Subhas looked as though each one of Ruban’s words was a blade piercing his body. He was still shaking his head, flinching at every word that left his nephew’s mouth. A small, distant part of Ruban, a kinder part, thought that it would perhaps be a mercy to kill him. A larger part of him revelled in his suffering, in the pain etched clearly on his broken face.
In his fury, he had almost forgotten about Tauheen, who still stood, unruffled, beside his uncle. When she spoke, her voice jerked him out of his frenzy like cold water splashed on his face, raw and disorienting.
“He’s lying, love,” she murmured, a hypnotic quality to her dulcet tones that made Ruban’s blood boil. “He’s lying, trying to turn you against me. They’re Safaa’s agents, all of them. He has betrayed you. Betrayed humanity. We have to kill him.”
For a moment, Ruban thought his uncle looked conflicted, torn. Like a rag doll pulled in too many directions at once – battered and helpless. Trembling, he turned pleading eyes on the Aeriel.
“We have to kill him, my darling,” she said, touching a gentle hand to his cheek.
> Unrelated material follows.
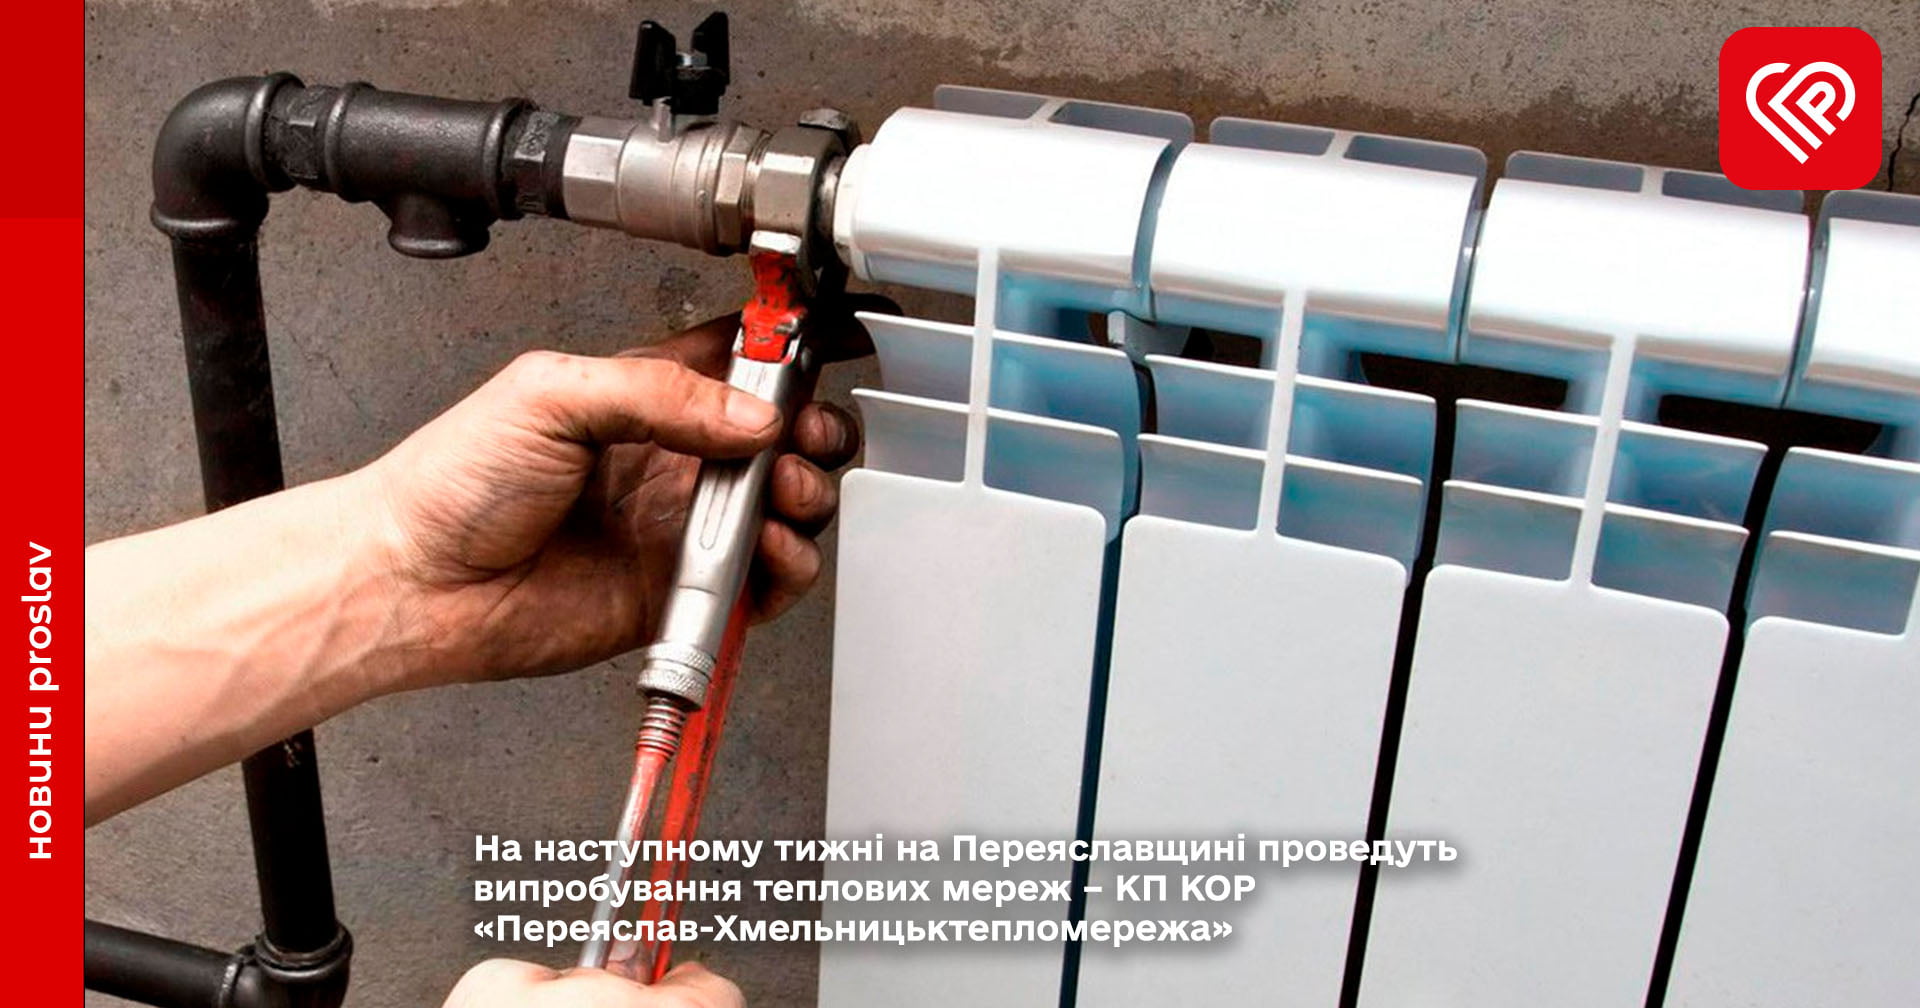 На наступному тижні на Переяславщині проведуть випробування теплових мереж – КП КОР «Переяслав-Хмельницьктепломережа»

Subhas snarled, “You keep your hands off him, you lying bitch!” He lunged at Tauheen, unarmed, a madman rushing to his own death. “You keep your hands off my family. I will kill you myself before you so much as lay a finger on him.”
And for a moment, despite everything, Ruban thought that he really would. Subhas’s fingers closed around Tauheen’s delicate, exposed throat and for a split second Ruban was sure – against all logic – that she would die. That he would kill her.
And then Tauheen raised one delicate, slender hand and flicked her wrist like she was swatting a fly. Subhas’s eyes widened, going almost comically round, before he went flying across the room like a broken doll thrown away by a bored child.
His body crashed against the opposite wall – more than twenty paces away – and he crumpled limply to the floor, unmoving.
As Tauheen turned her unnerving eyes on them, Ruban noticed her hands: they were aglow, long fingers enveloped in an incandescent light.
He had barely had time to shout out a warning before a shell crashed into the spot where they had been standing seconds ago. If they had leapt out of the way a moment later, they would have been a black, incinerated splotch on the white marble floor.
Instinctively, Ruban reached for his sifblade, the familiar weight in his hand an anchor in the storm. He let his body relax, the tension bleeding out of his shoulders as he dropped into a defensive stance, his movements fluid with years of practice. The Aeriel Queen’s radiant eyes followed his every move even as she recovered from the last attack. She must have already been drained for such an inconsequential effort to tire her.